▸ **Work request**:
Write the data out again exactly, dropping any images it holds.

Supplied information: Begin

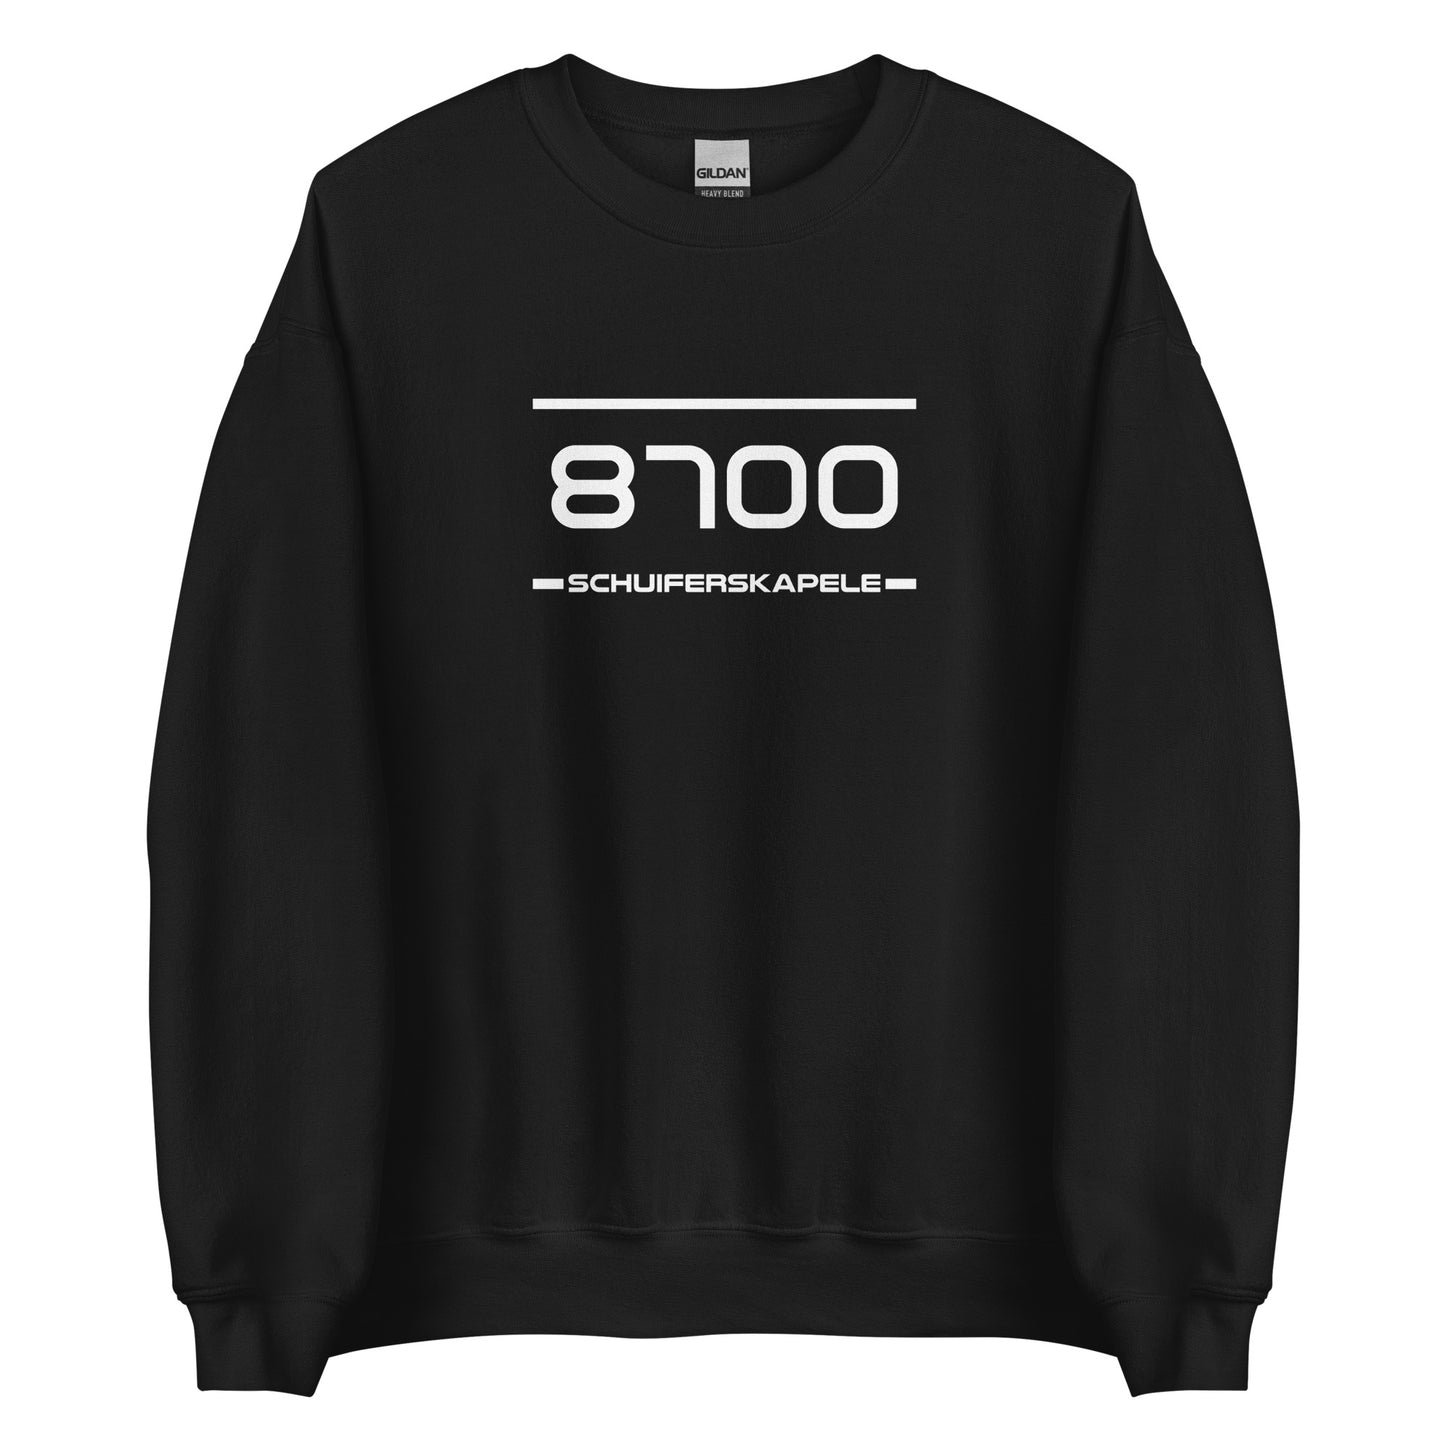 Sweater - 8700 - Schuiferskapelle (M/V)
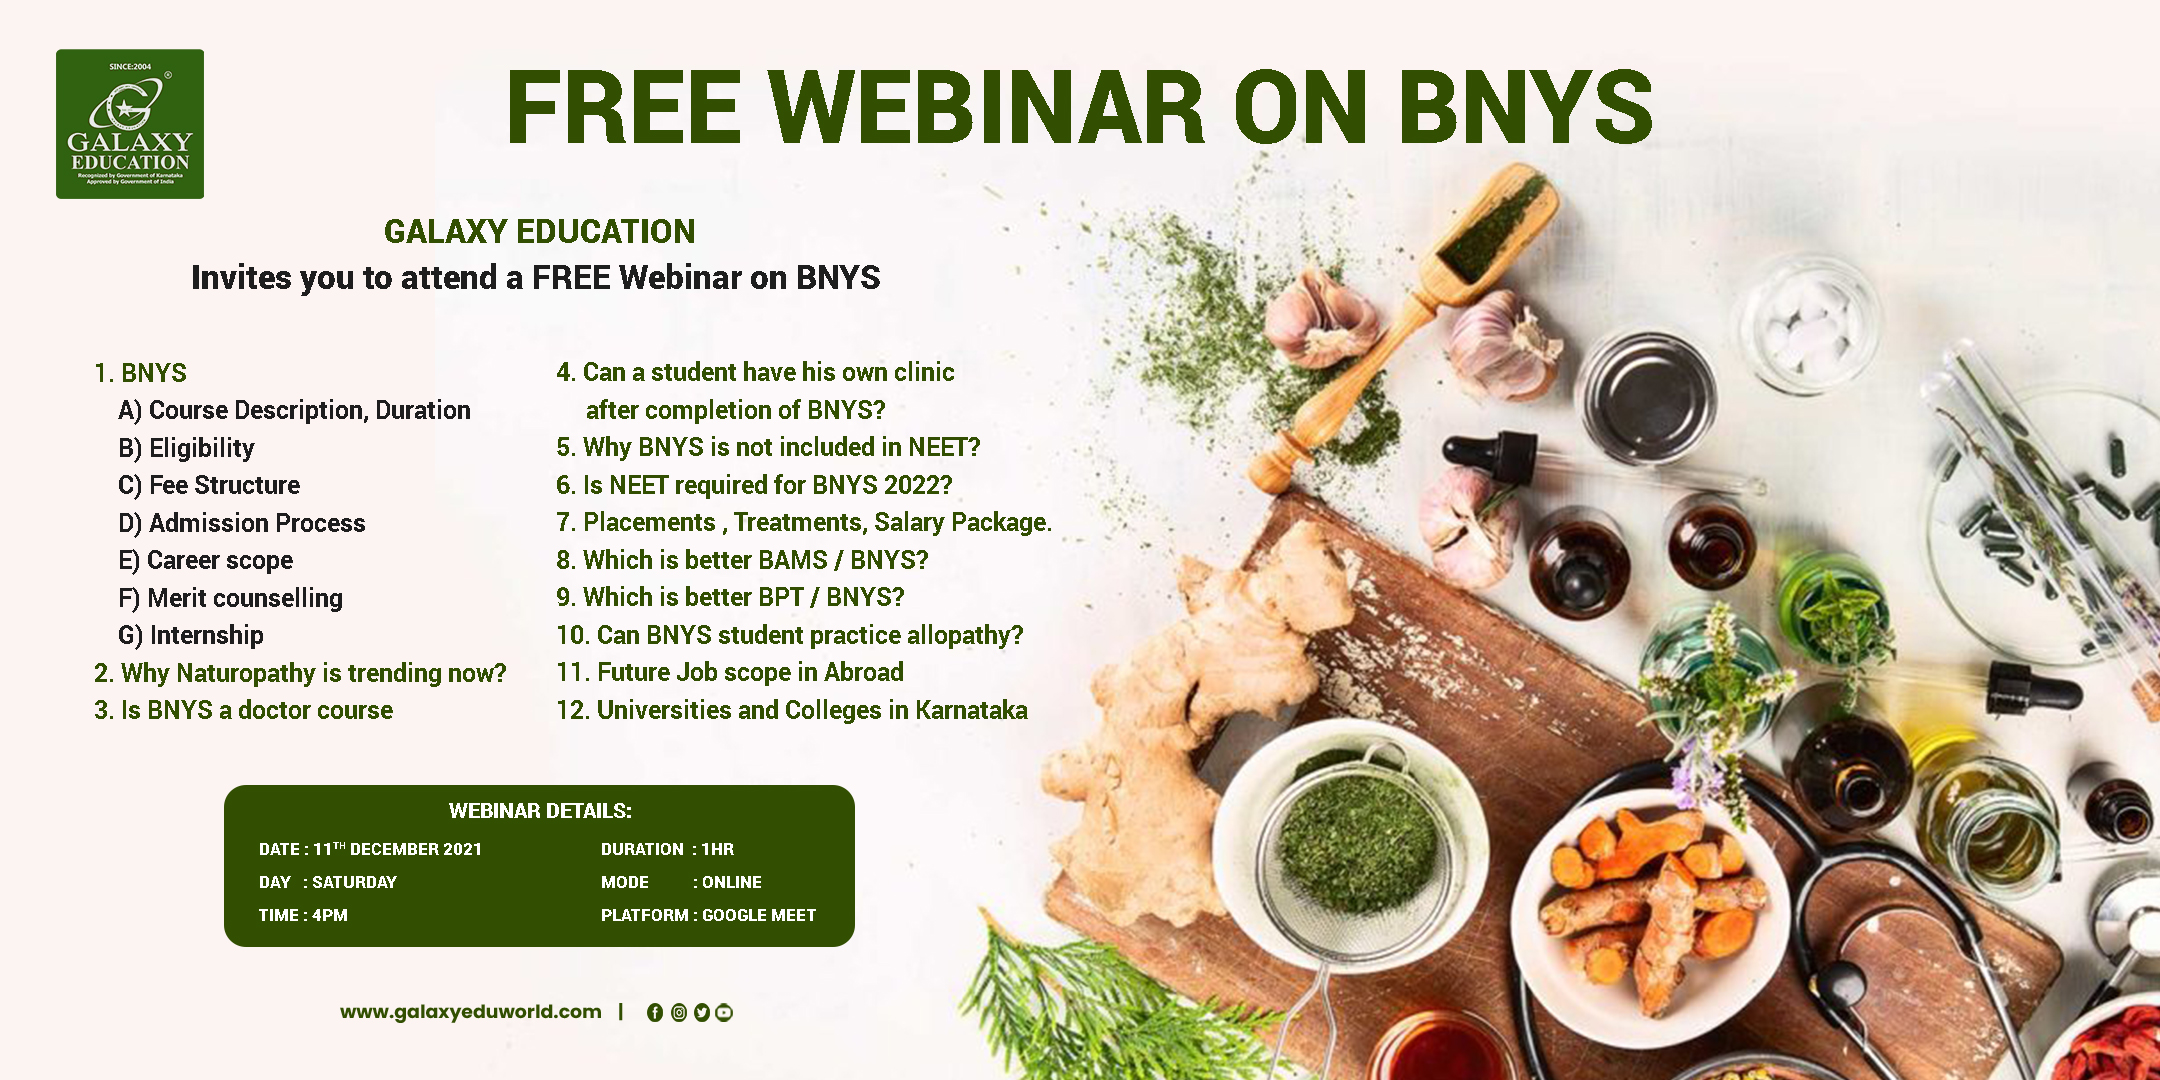 FREE WEBINAR ON BNYS, Online Event
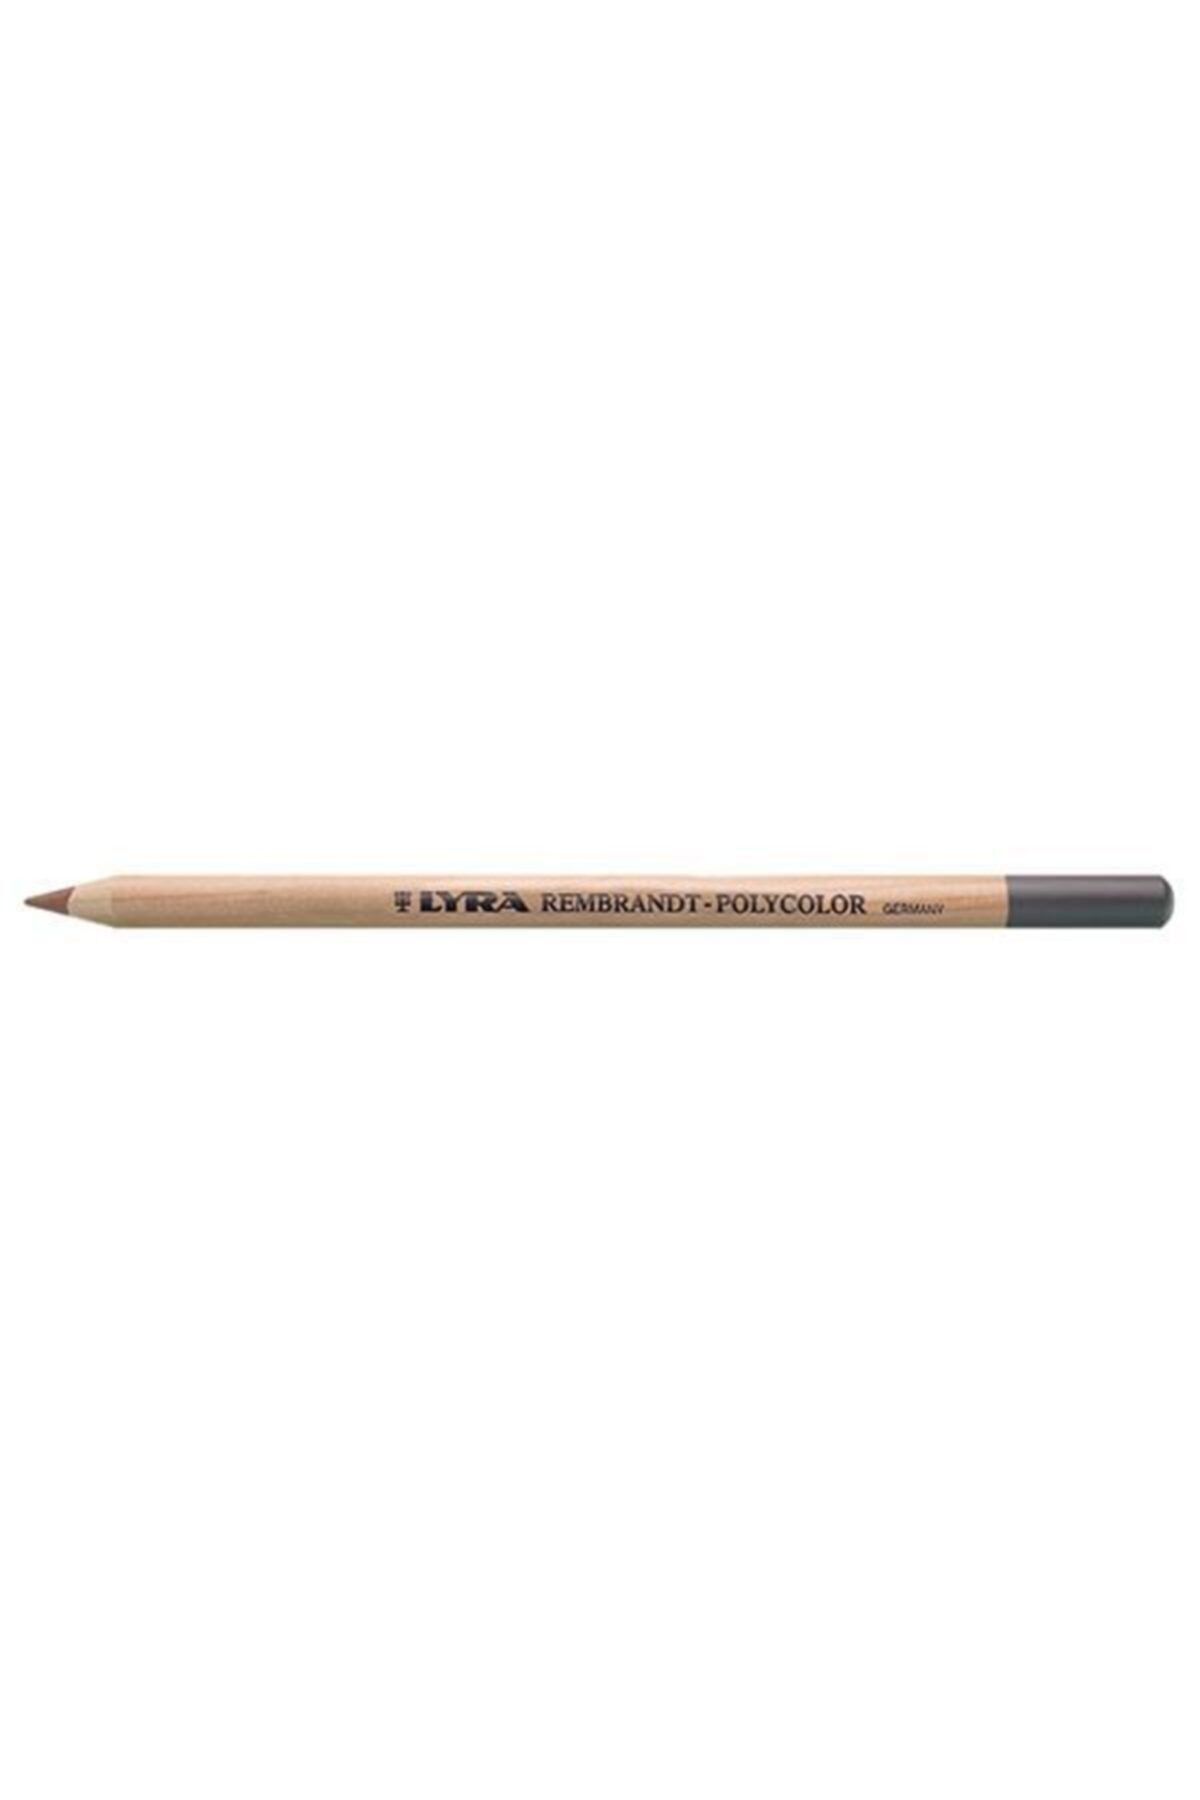 Lyra مداد رنگی رامبراند پلی کالر DARK SEPIA L2000075

Supplied information: End

▸ **Answer below**:
 Sweater - 8700 - Schuiferskapelle (M/V)
 FREE WEBINAR ON BNYS, Online Event
 Lyra مداد رنگی رامبراند پلی کالر DARK SEPIA L2000075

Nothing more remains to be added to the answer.